Another benefit: reducing the post-IPO’s additional administrative and compliance workload. Most small and mid-sized companies struggle to comply with rigorous reporting, governance, and controls that public companies need to follow post-IPO. Consequently, “the PE route is gaining popularity among such companies for funding of long- and short-term plans,” he said.
That said, PE deals can have drawbacks; they're potentially less profitable for the leadership team than a traditional IPO or SPAC transaction, and there’s often a smaller pool of buyers.
Going public
Although the SPAC market has cooled a bit, it remains an option of intense interest among operating company executives.
The second quarter of 2021 saw 59 SPAC IPOs, down considerably from a record-shattering 299 in the first quarter, according to an EY report.
The drop stems, in part, from concerns released earlier in the year by the Securities and Exchange Commission (SEC) over accounting and disclosure issues, which has slowed SPAC approvals and led to some re-thinking by both sponsors and operating companies.
Nonetheless, the manifold benefits of merging with a SPAC remain:
- It allows access to public markets.
- It leaves the task of raising capital to the sponsor.
- And there is the possibility of raising additional capital. SPAC sponsors will raise debt or private investment in public equity (PIPE) funding in addition to their original capital to not only fund the transaction, but also to fuel growth for the combined company. This backstop of debt and equity is intended to ensure a completed transaction even if some SPAC investors redeem their shares.
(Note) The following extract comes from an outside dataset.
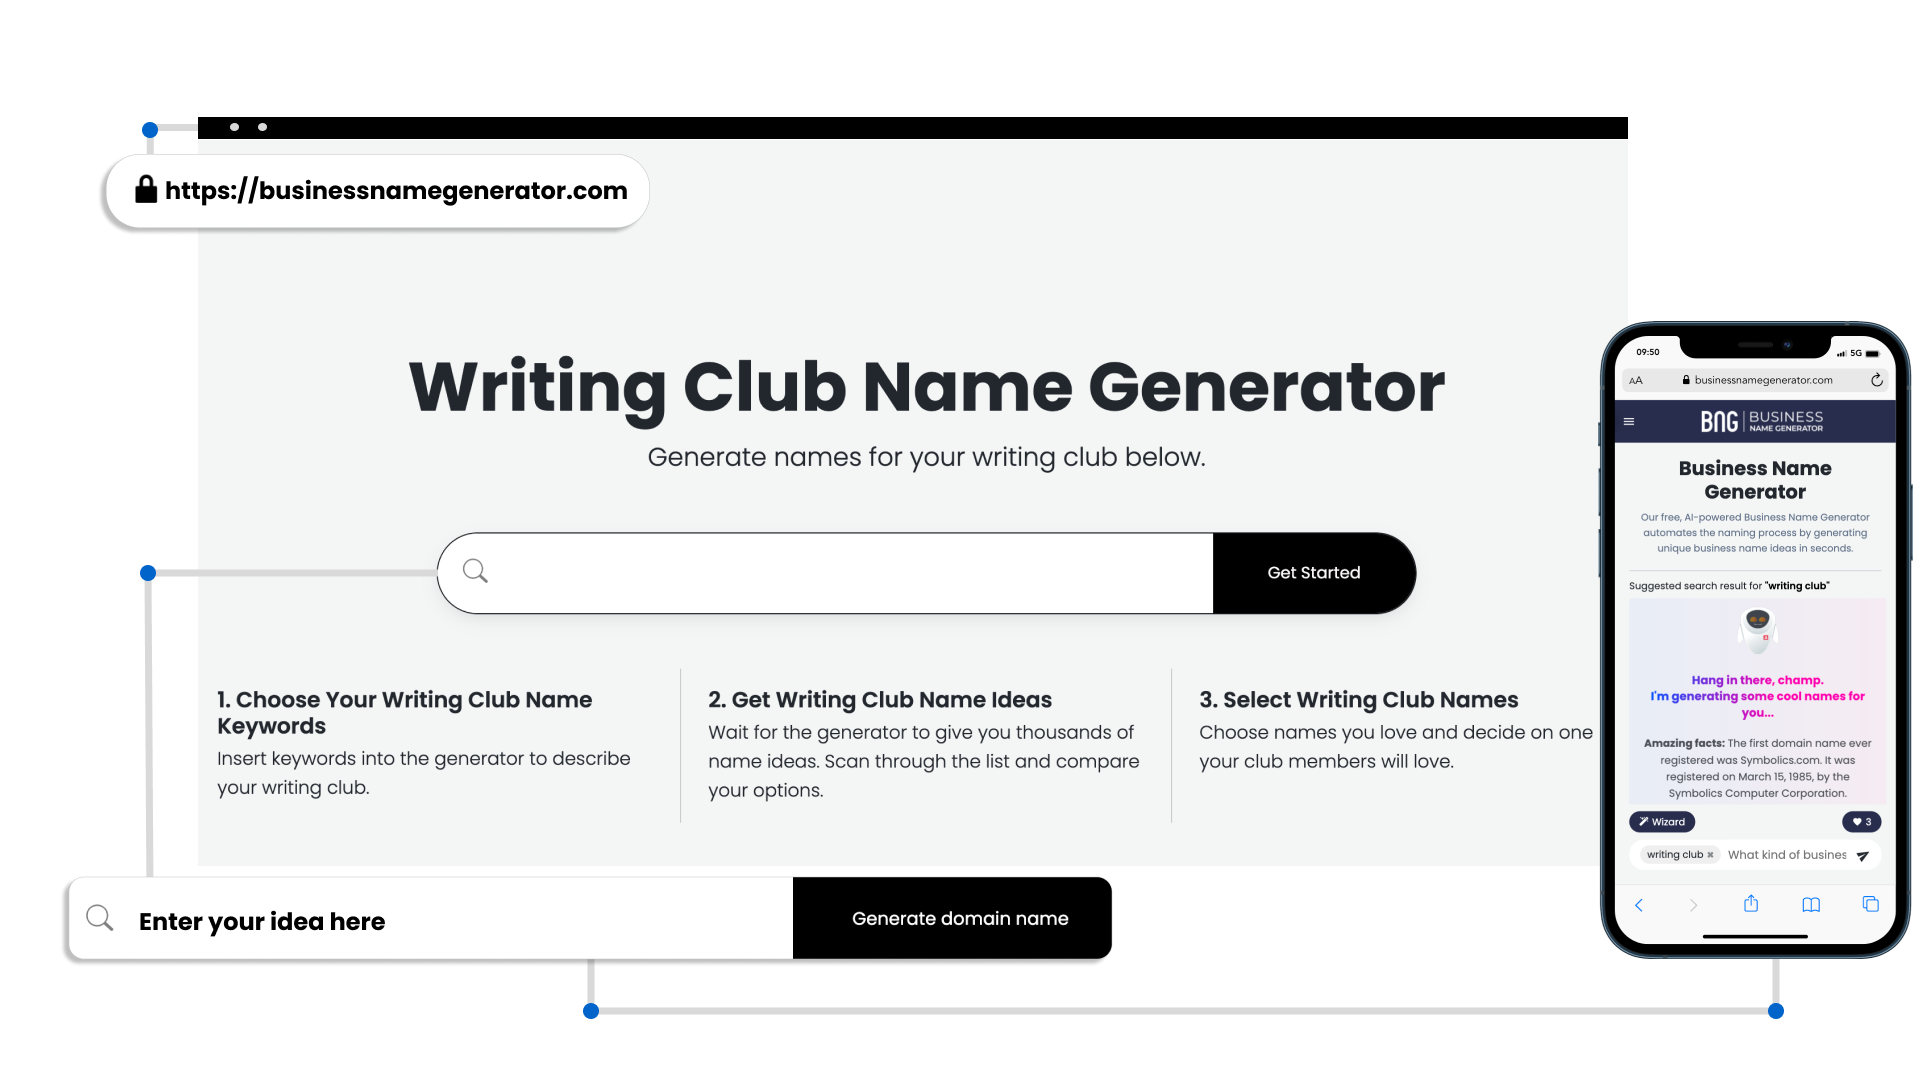 How to use our Writing Club Name Generator

- It also allows access to operational expertise. SPAC sponsors often are experienced financial and industrial professionals. They can tap into their network of contacts to offer management expertise or take on a role on the board themselves.
- It's generally a shorter process than an IPO to go pbulic, a process that can be as short as three months in some cases, according to Scott Hendon, global and national leader of private equity practice at BDO USA. Additionally, SPAC transactions can be more lucrative for selling owners because they can benefit from the potential price-upside in public markets.
But it’s important for CFOs to understand the process and challenges of participating in a SPAC, which Hendon summarizes as early planning for IPO readiness. Requirements include having Sarbanes-Oxley disclosure control specialists in place, either on staff or outsourced, plus a recognition of the importance of investor relations.
Risk trade-off
SPACs aren’t a free ride, Jones and Hendon said. The leadership team of the operating company might lose its executive control and companies must comply with SEC rules and those of other regulators, something mid-cap companies struggle with, said Jones.
Another important factor: Unlike private companies, public companies must deal with stock prices that can reflect outside investors’ short-term focus. As a result, management will face constant pressure to perform well financially to maintain its stock prices. “If a company’s valuation drops due to its poor financial performance, with SPACs there is a greater chance of knee-jerk reactions or changes,” Jones said.